Detailed guidelines will be issued by end-May 2013.
Our Take
In line with the market expectations, the RBI has cut the Repo rate by 25 bps from 7.5% to 7.25% of NDTL with immediate effect. However, the cash reserve ratio (CRR) of scheduled banks has been retained unchanged at 4.0% as against the expectation of 25 bps cut. Commenting on managing liquidity going forward the RBI said – “The Reserve Bank will endeavour to actively and appropriately manage liquidity to ensure adequate credit flow to the productive sectors of the economy and to reinforce monetary transmission consistent with the growth-inflation balance”.

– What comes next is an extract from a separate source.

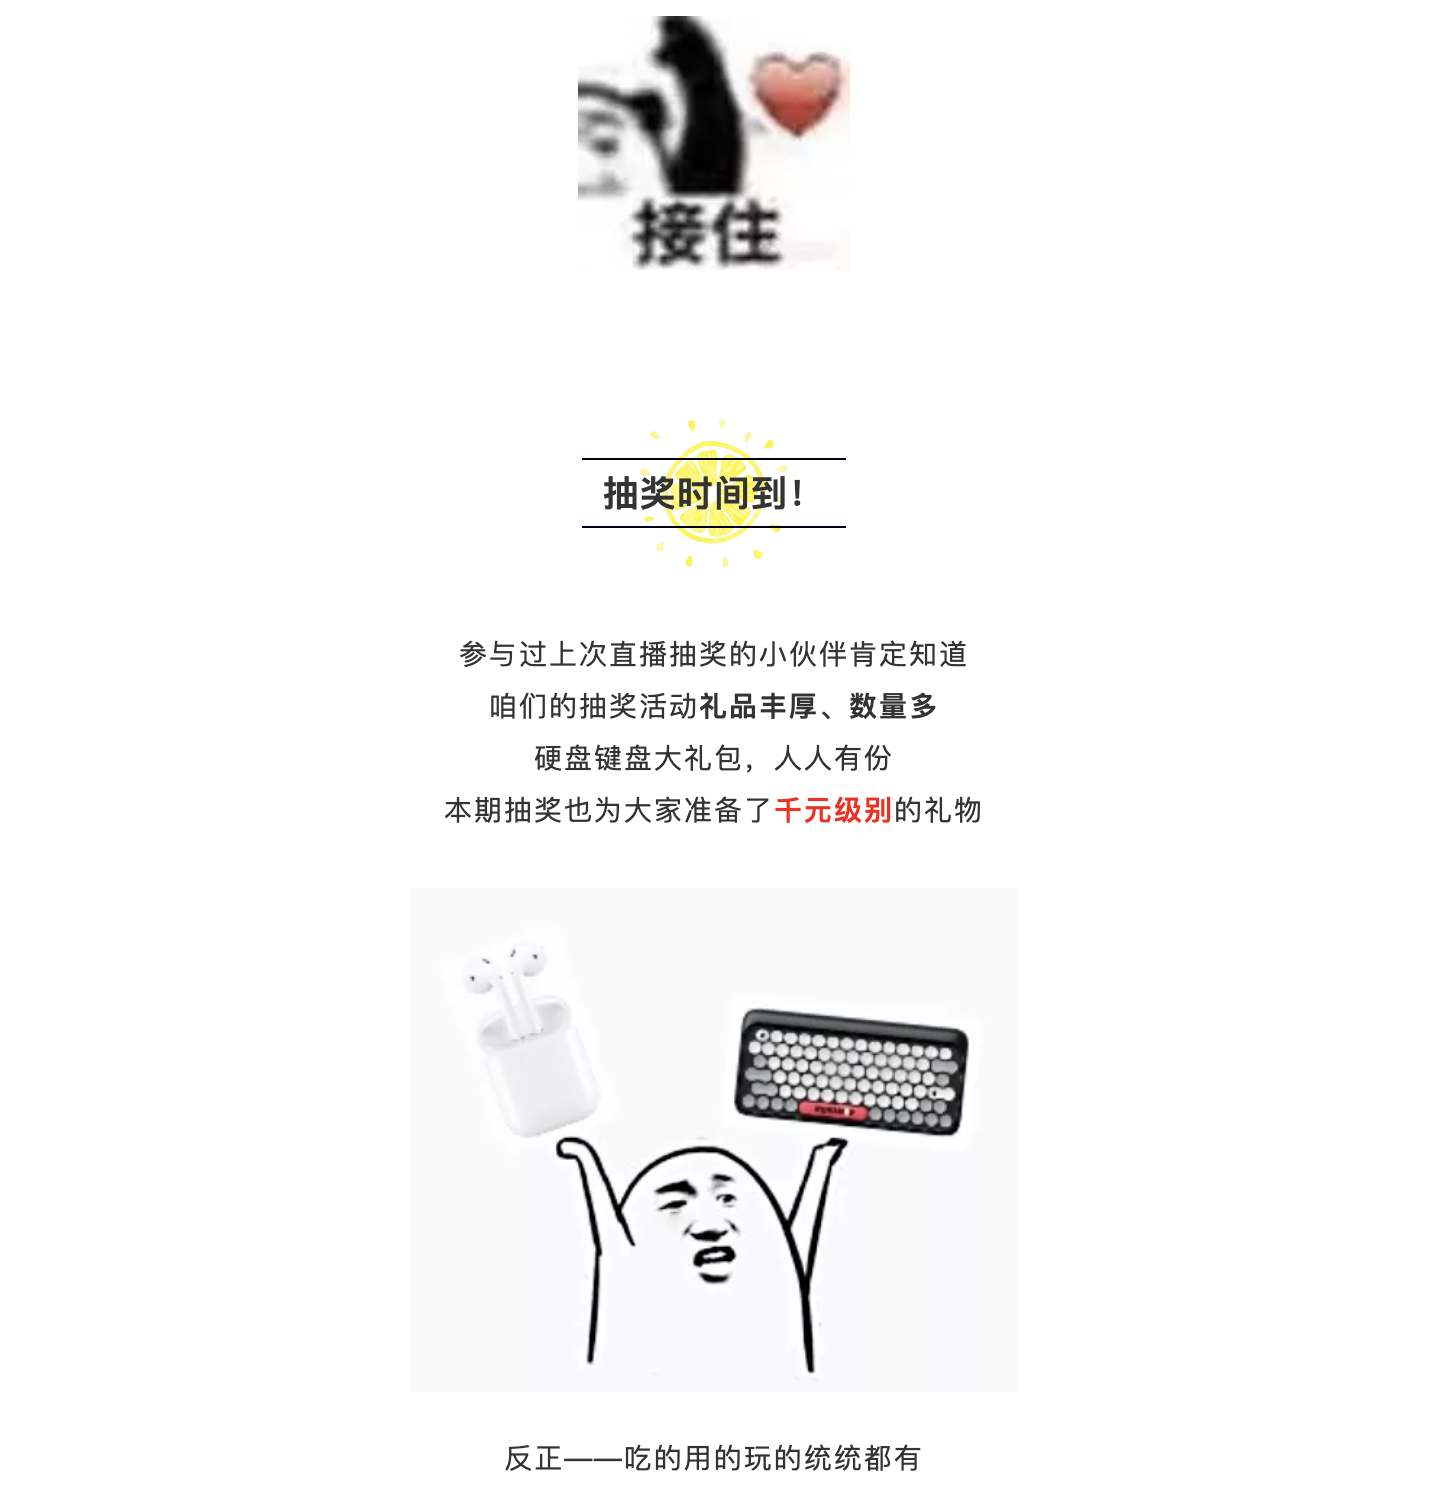 https://momo-mmsrc.oss-cn-hangzhou.aliyuncs.com/img-b8789c12-6c31-36fe-be50-ada81d3d3632.png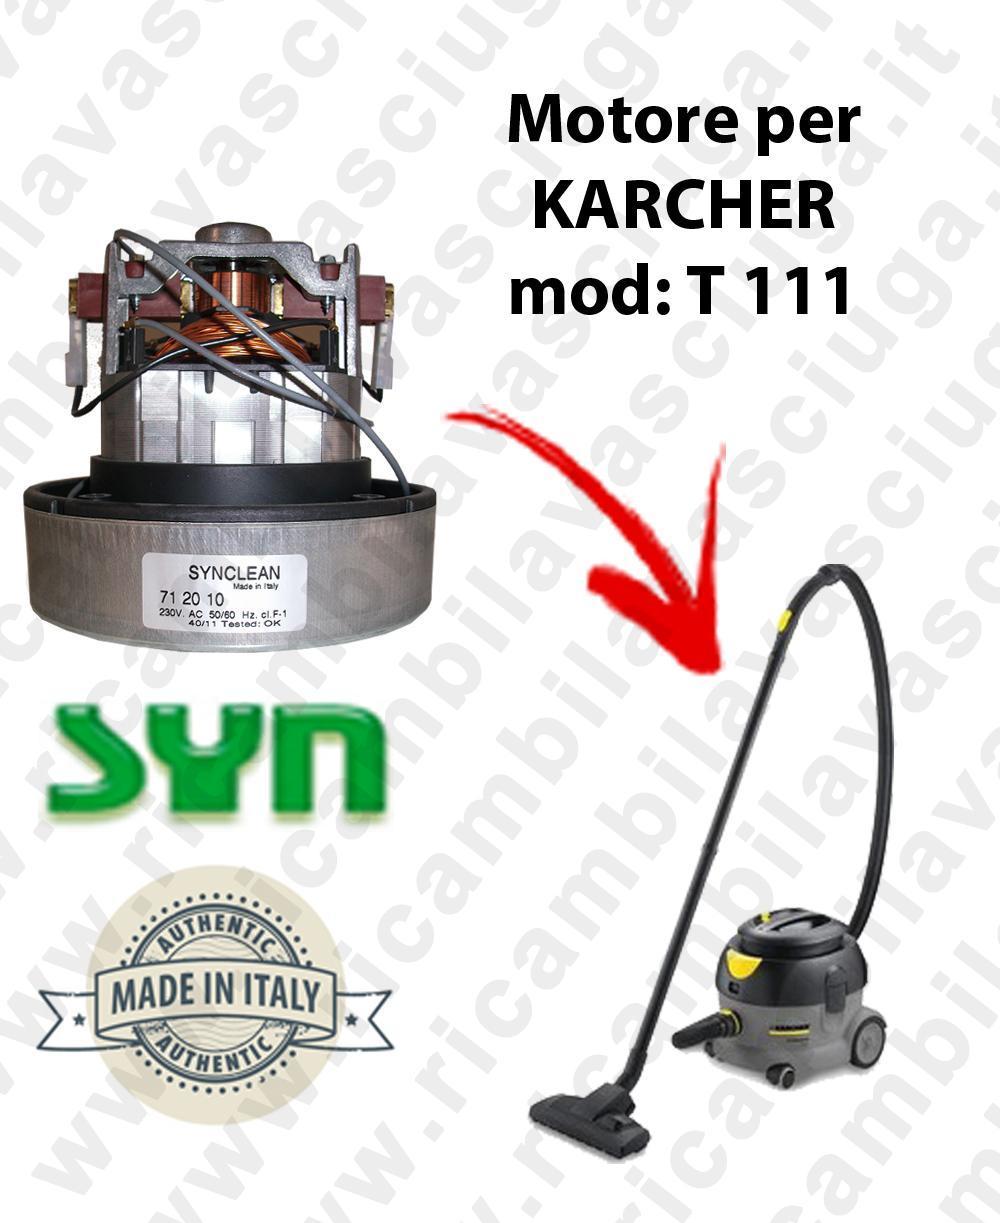 t 111 moteur aspiration synclean pour aspirateur karcher inclema fr. Black Bedroom Furniture Sets. Home Design Ideas

Commenting on guidance the RBI said – Recent monetary policy action, by itself, cannot revive growth. It needs to be supplemented by efforts towards easing the supply bottlenecks, improving governance and stepping up public investment, alongside continuing commitment to fiscal consolidation. With upside risks to inflation still significant in the near term in view of sectoral demand supply imbalances, ongoing correction in administered prices and pressures stemming from MSP increases, monetary policy cannot afford to lower its guard against the possibility of resurgence of inflation pressures. Monetary policy will also have to remain alert to the risks on account of the CAD and its financing, which could warrant a swift reversal of the policy stance. Overall, the balance of risks stemming from the Reserve Bank’s assessment of the growth-inflation dynamic yields little space for further monetary easing.
Overall we believe, the policy action by the RBI to be neutral-to-negative for the markets. Expectations of a CRR cut was built up in the market, leading to an immediate disappointment. Besides this, the RBI’s guidance for limited space for further monetary easing further disappointed the markets. It warned that the risk of inflationary pressure persists despite a recent sharp decline in WPI inflation, and said a high current account deficit poses the biggest risk to the Indian economy. From equity market perspective, we advise investors to continue to stick to (1) sectors with visibility on growth – consumption and pharma, (2) interest rate sensitives like banking and auto, and (3) reform led sectors like oil & gas and media.